Prove, that $T$ is finite.
lfdahl said:Let $T$ be a set of natural numbers such that for any $a, b \in T$, $a^2 − ab + b^2$ divides $a^2b^2$.
Prove, that $T$ is finite.
T in this statement refers to a set of numbers that satisfy the given conditions, namely a and b belong to this set and the expression a^2−ab+b^2 divides a^2b^2.
To prove that T is finite, we need to show that there are only a finite number of values for a and b that satisfy the given conditions. This can be done by using mathematical proofs such as contradiction or induction.
Yes, for example, let T be the set of all positive integers.

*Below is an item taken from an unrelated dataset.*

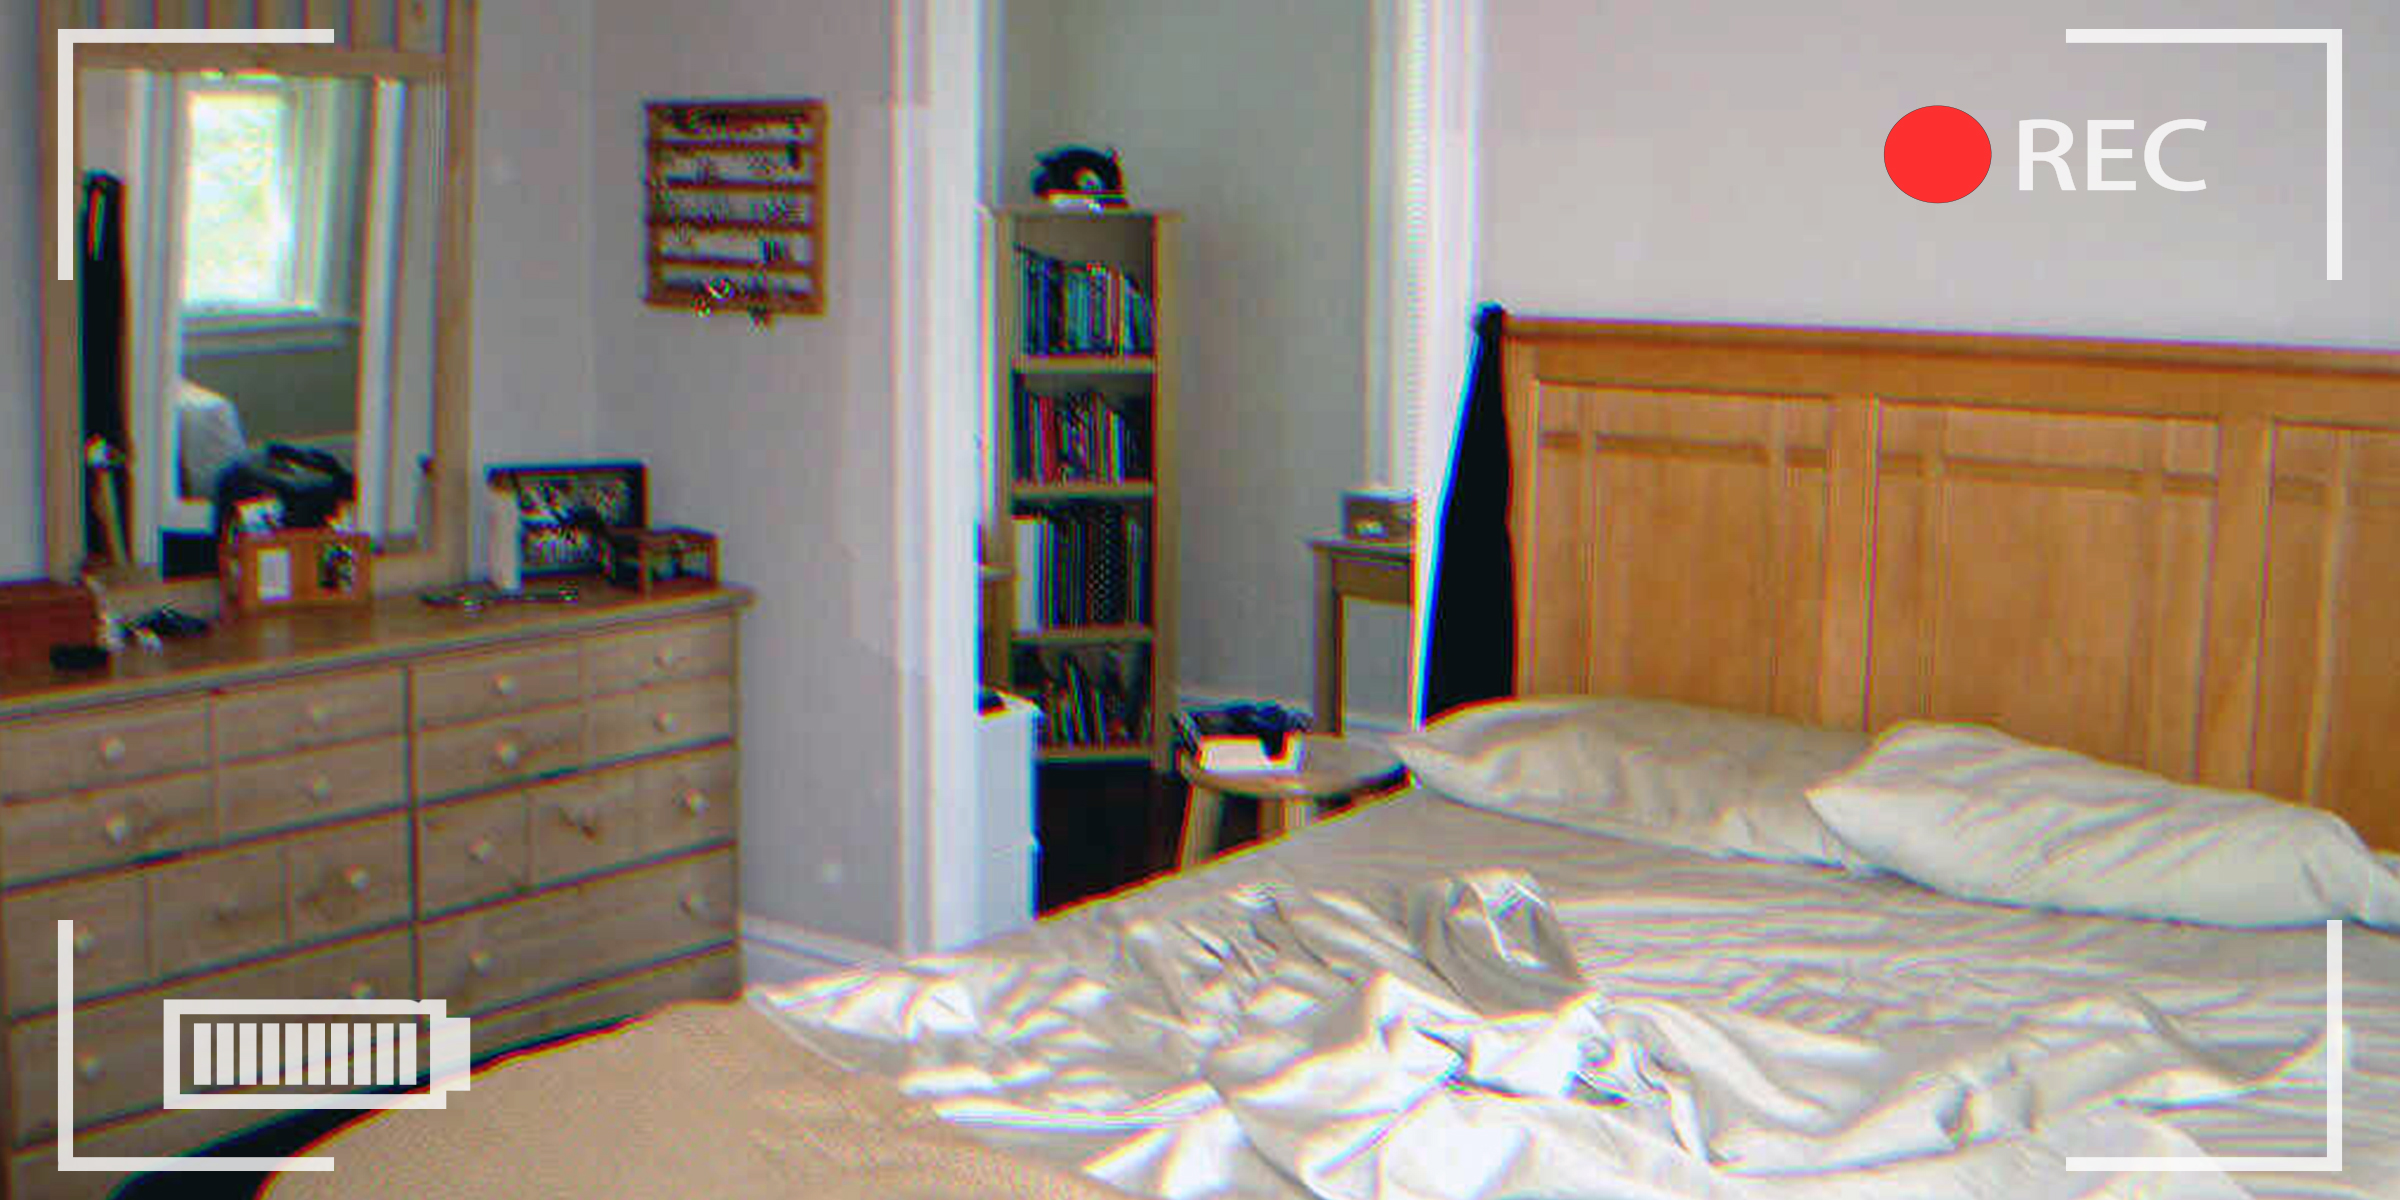 Eine Überwachungskamera in einem Schlafzimmer | Quelle: flickr.com/TFDuesing/CC BY 2.0
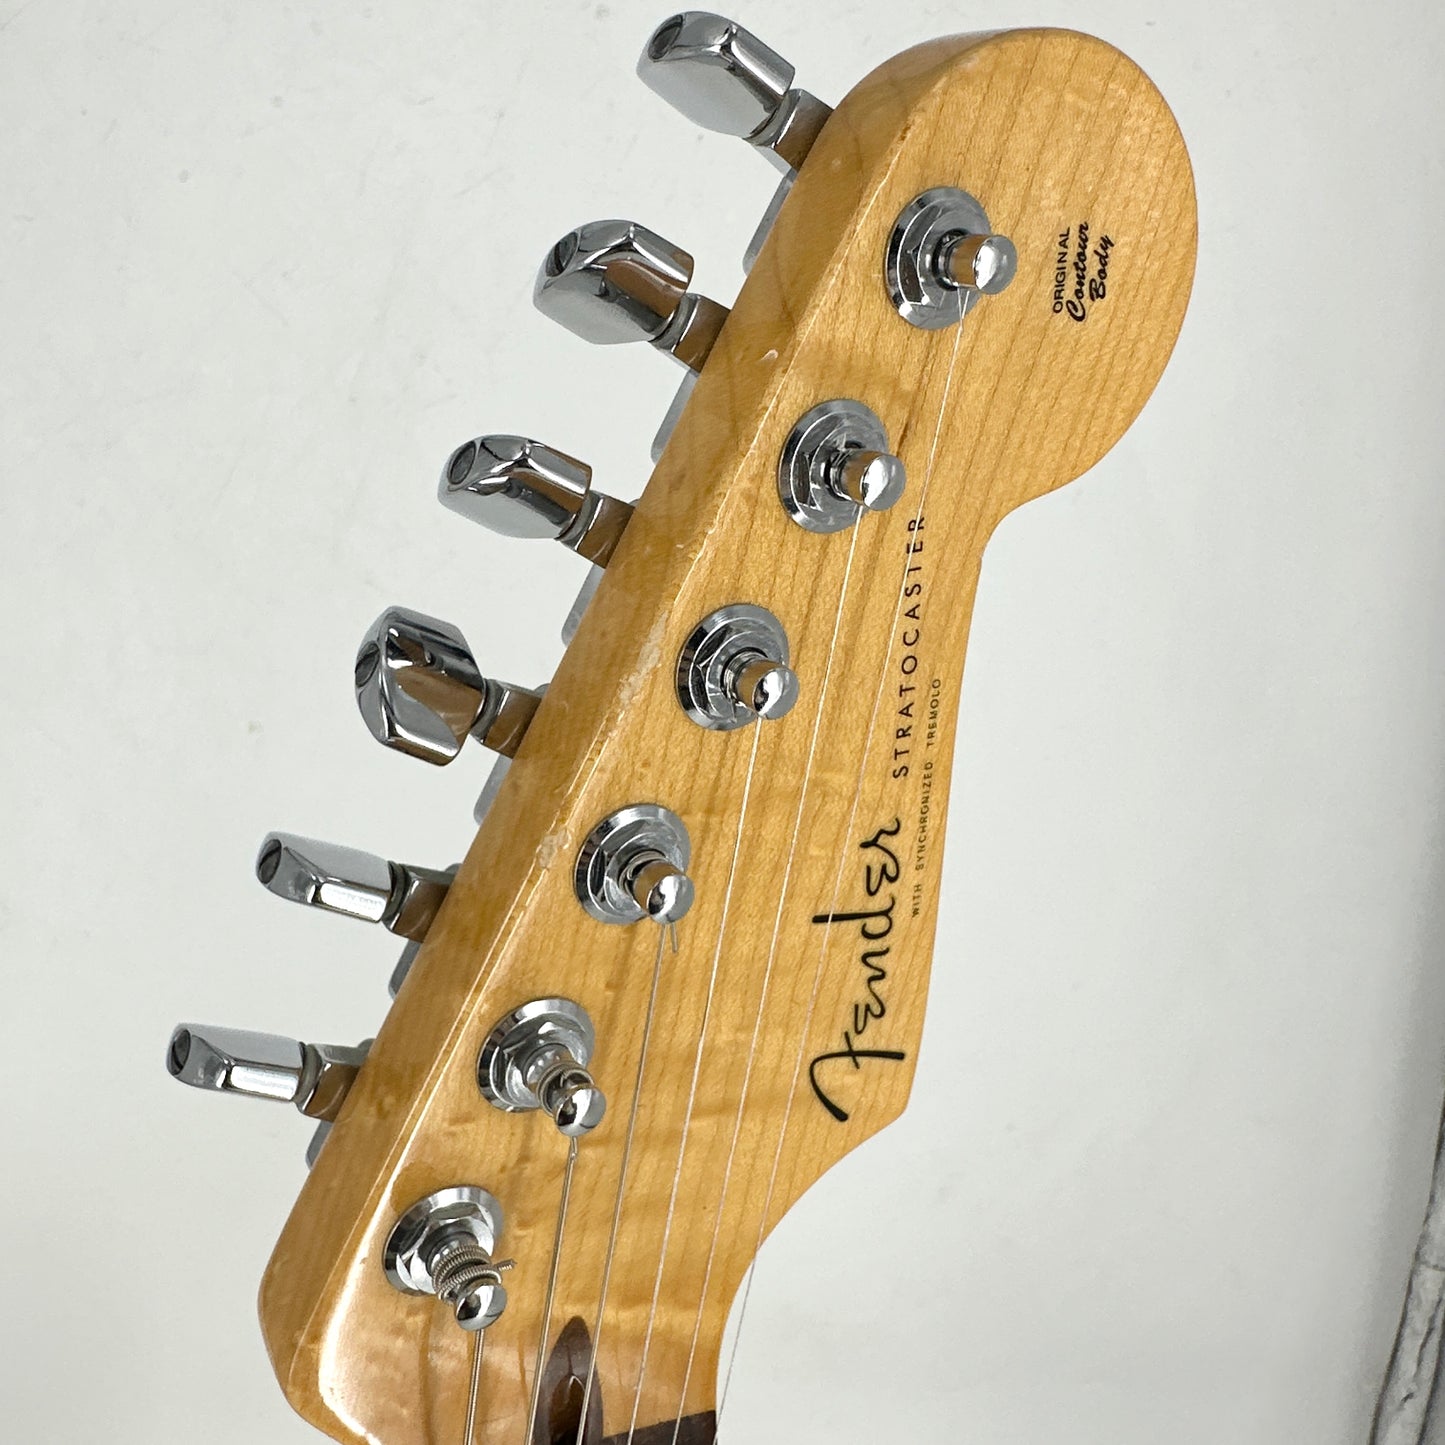 2011 Fender Custom Shop Custom Deluxe Stratocaster - Abby pickups – Vintage White

If we take a=2 and b=3, then a^2−ab+b^2=4−6+9=-2 does not divide a^2b^2=4*9=36. Therefore, (2,3) does not belong to T. This shows that T is a finite set.
The fact that a^2−ab+b^2 divides a^2b^2 means that for every pair of numbers a and b in T, the result of this expression will always be a factor of a^2b^2. This limits the possible values of a and b that can belong to T, making it a finite set.
No, the given statement specifically refers to a set T that satisfies the given conditions. The proof may vary for different sets, depending on the conditions given. It is not applicable to all sets in general.